Boruta

Basic

Boruta | Selecting truly important features with Random Forest

Created: Last updated: Read time: 2 min

Boruta is a feature selection algorithm that keeps only truly useful features. It helps improve accuracy, interpretability, and computational cost by removing irrelevant variables.


1. Why feature selection? #

  • High-dimensional data
    Too many features increase noise and overfitting.

  • Computation cost
    Removing useless features speeds up training and prediction.

  • Interpretability
    It becomes clearer which features drive model decisions.


2. How Boruta works (intuition) #

  1. Train a Random Forest with all features.
  2. Compute feature importance.
  3. Create shuffled “shadow features” as a baseline.
  4. If a real feature beats its shadow, mark it important; otherwise unimportant.
  5. Repeat to stabilise the selection.

3. Example (CSV data) #

import numpy as np
import pandas as pd
from sklearn.ensemble import RandomForestClassifier
from boruta import BorutaPy

# Load data
X = pd.read_csv("examples/test_X.csv", index_col=0).values
y = pd.read_csv("examples/test_y.csv", header=None, index_col=0).values.ravel()

# Random Forest
rf = RandomForestClassifier(n_jobs=-1, class_weight="balanced", max_depth=5)

# Boruta
feat_selector = BorutaPy(rf, n_estimators="auto", verbose=2, random_state=1)
feat_selector.fit(X, y)

print("Selected features:", feat_selector.support_)
print("Feature ranking:", feat_selector.ranking_)
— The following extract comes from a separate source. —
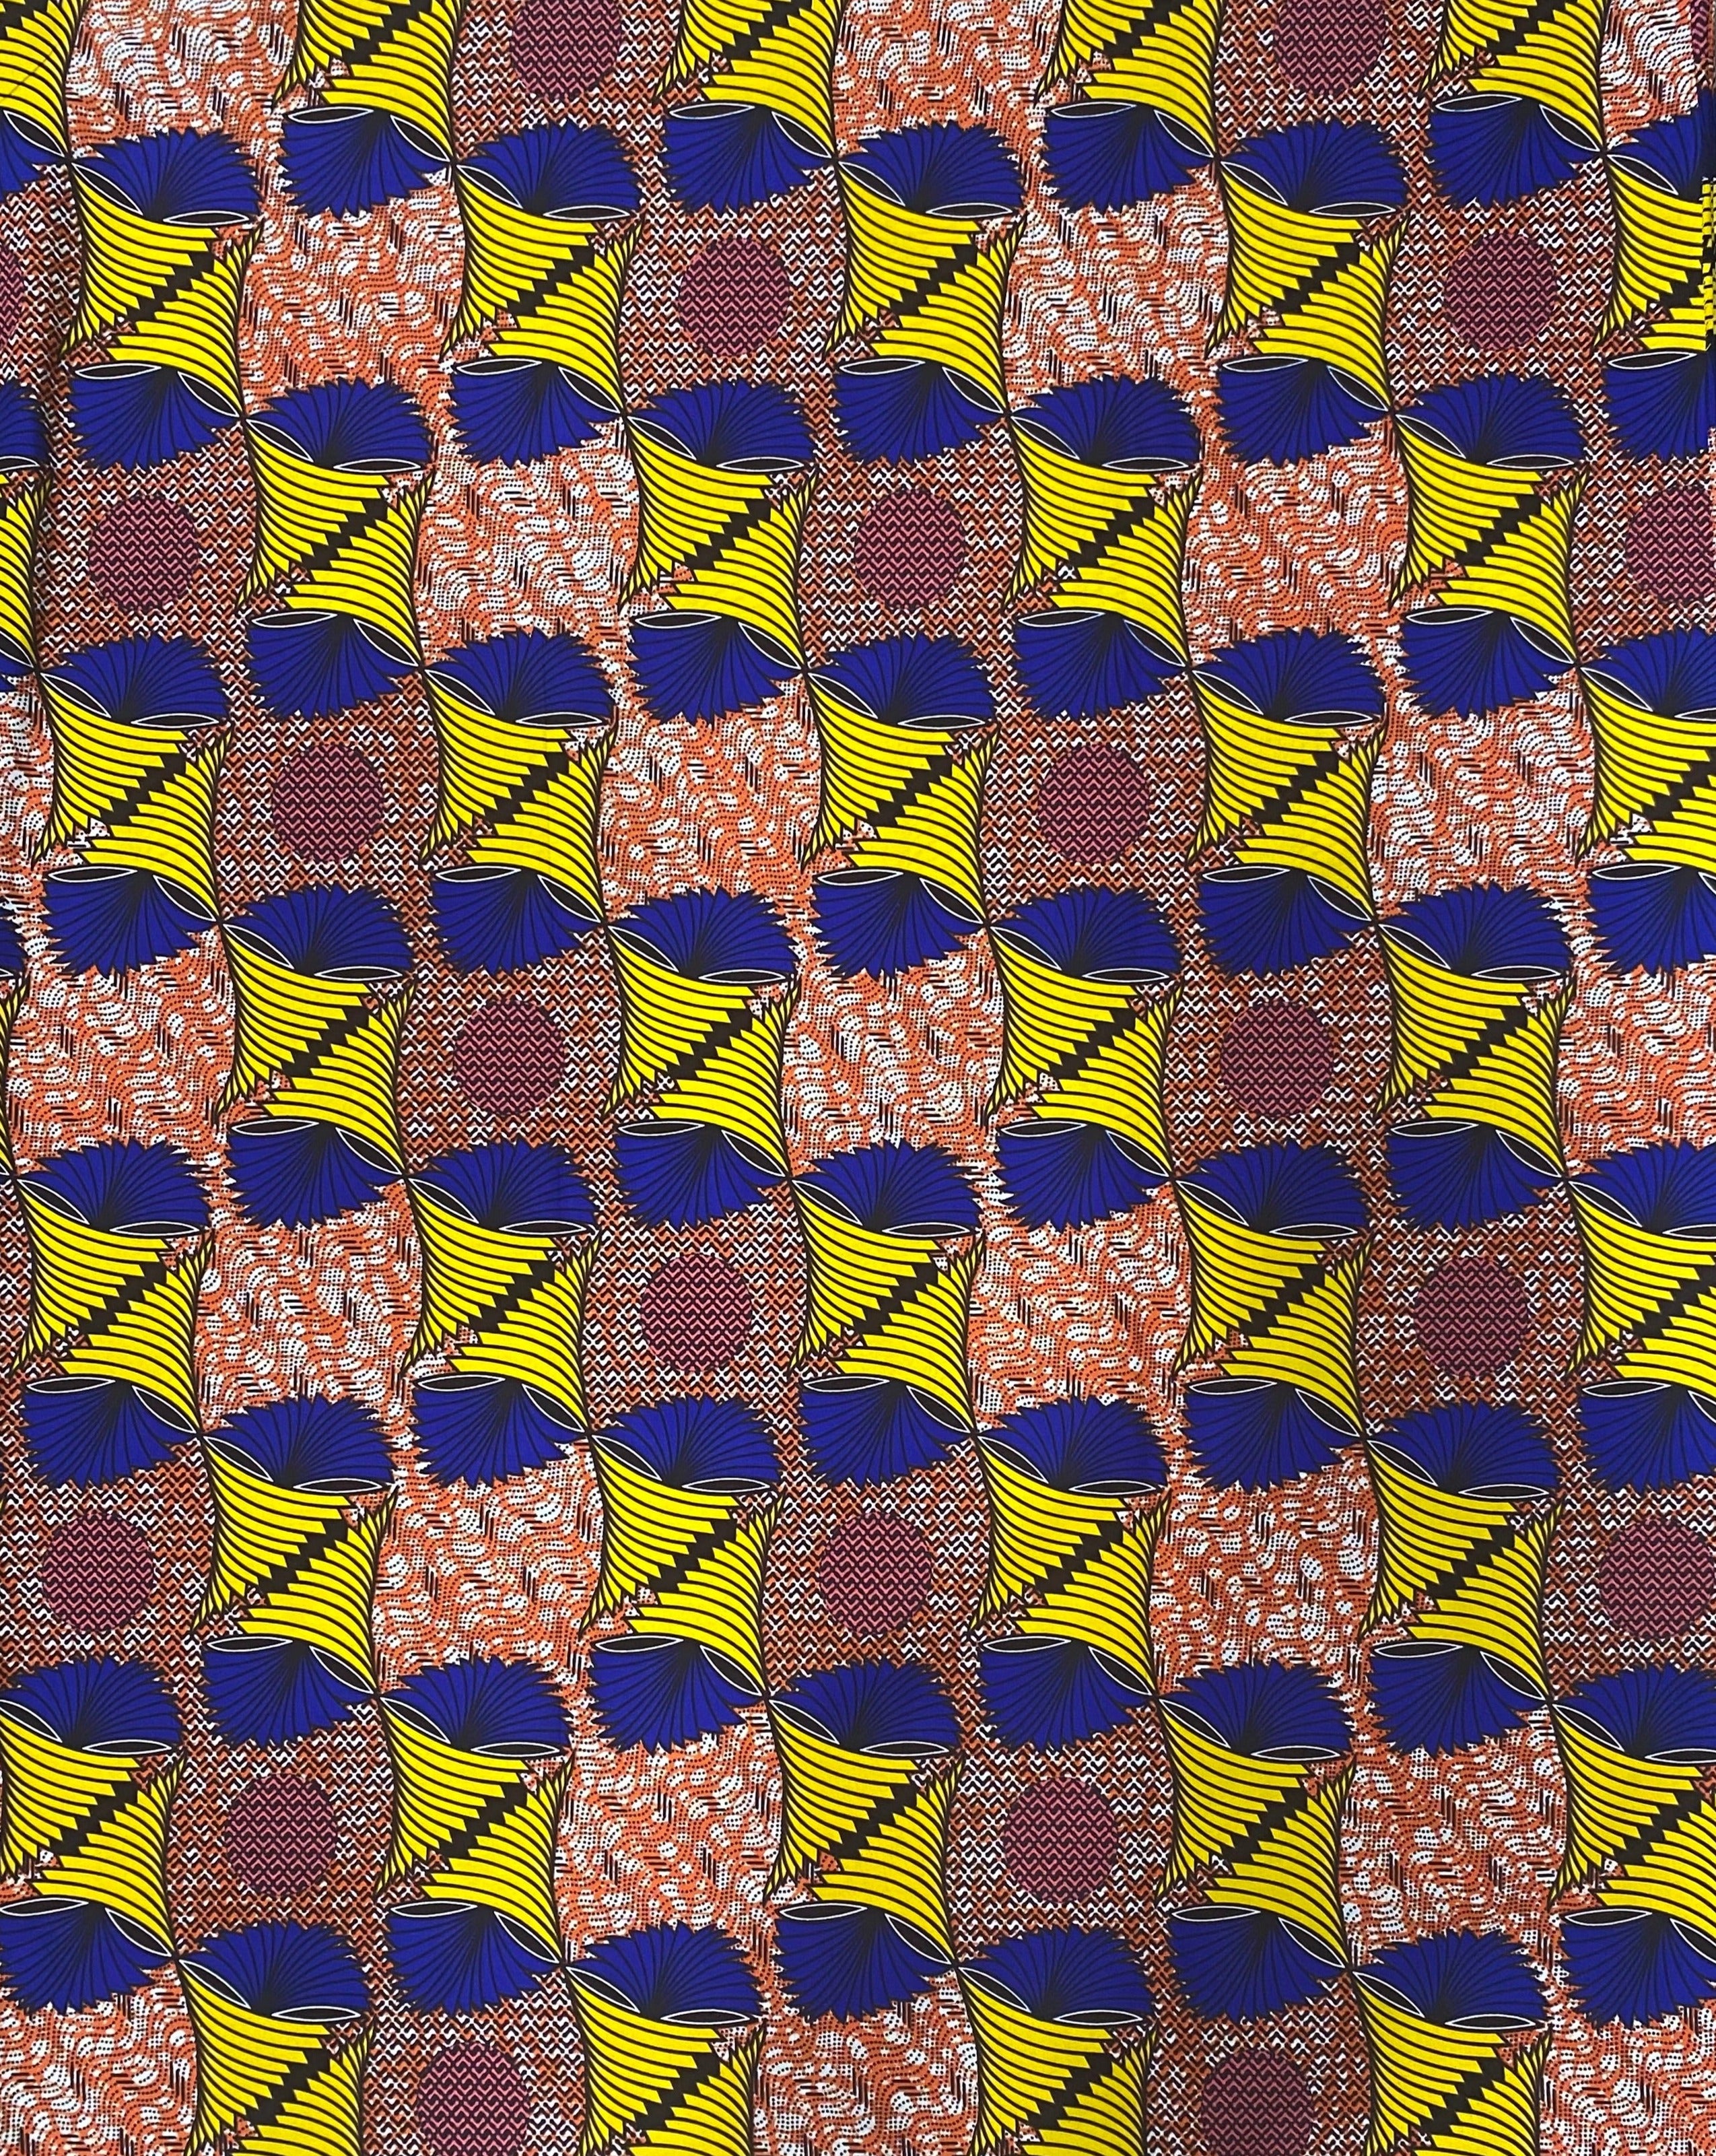 Optical Illusion African Print Fabric - 100% Cotton, 44" Wide, Mesmerizingly Modern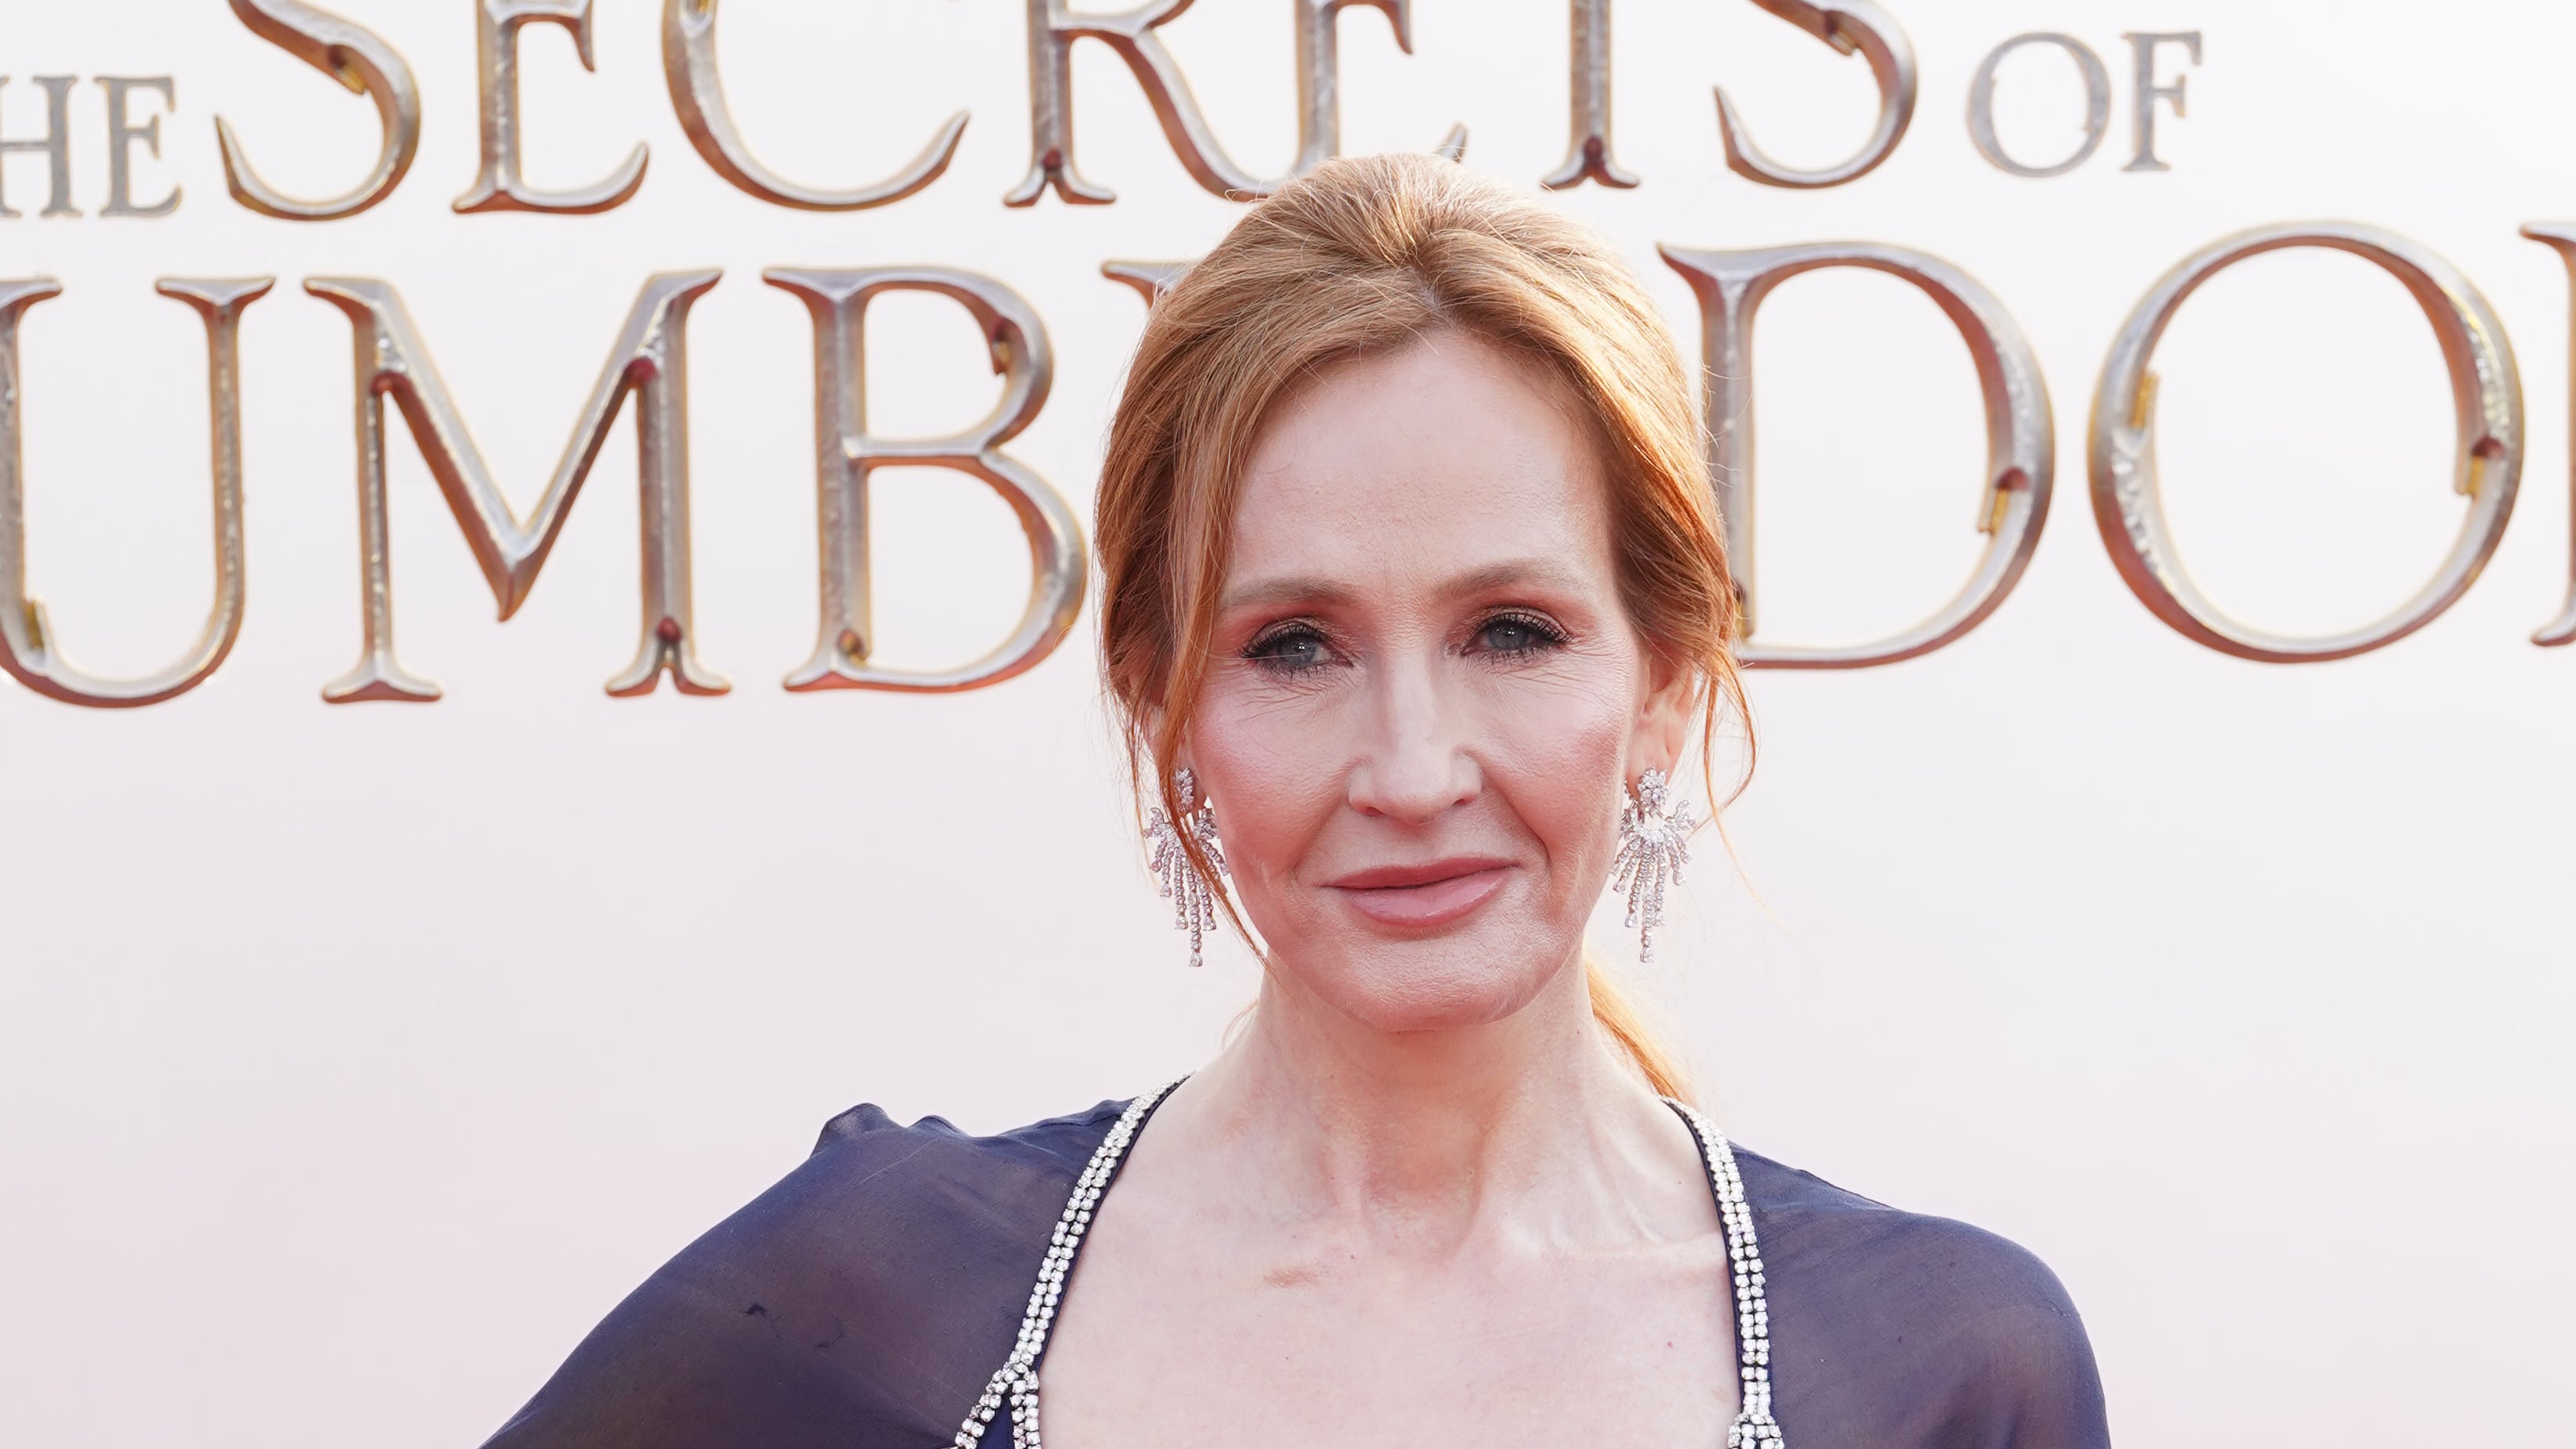 JK Rowling said she regrets not speaking out ‘far sooner’ on trans rights

# Keep only important features
X_filtered = feat_selector.transform(X)

4. Experiments with synthetic data #

We check whether Boruta keeps useful features and removes irrelevant ones.

All features are useful (no removal) #

from sklearn.datasets import make_classification
from xgboost import XGBClassifier

X, y = make_classification(
    n_samples=1000, n_features=10,
    n_informative=10, n_redundant=0, n_classes=2,
    random_state=0, shuffle=False
)
model = XGBClassifier(max_depth=4)

feat_selector = BorutaPy(model, n_estimators="auto", verbose=2, random_state=1)
feat_selector.fit(X, y)
X_filtered = feat_selector.transform(X)

print(f"{X.shape[1]} --> {X_filtered.shape[1]}")

If all features are useful, none are removed.


Many irrelevant features (remove them) #

X, y = make_classification(
    n_samples=2000, n_features=100,
    n_informative=10, n_redundant=0, n_classes=2,
    random_state=0, shuffle=False
)
model = XGBClassifier(max_depth=5)

feat_selector = BorutaPy(model, n_estimators="auto", verbose=2, random_state=1)
feat_selector.fit(X, y)
X_filtered = feat_selector.transform(X)

print(f"{X.shape[1]} --> {X_filtered.shape[1]}")

10 useful out of 100 → Boruta keeps the 10 and removes the rest.


5. Practical notes #

  • Works especially well with tree-based models (Random Forest, XGBoost).
  • Removes noisy features reliably.
  • Computationally heavier when the feature count is large.
  • The selected features can be used for interpretation and visualisation.

Summary #

  • Boruta compares real features to “shadow” features to select stable, useful variables.
  • It keeps everything if all features are useful, and removes the rest when needed.
  • As a preprocessing step, it improves accuracy, efficiency, and interpretability.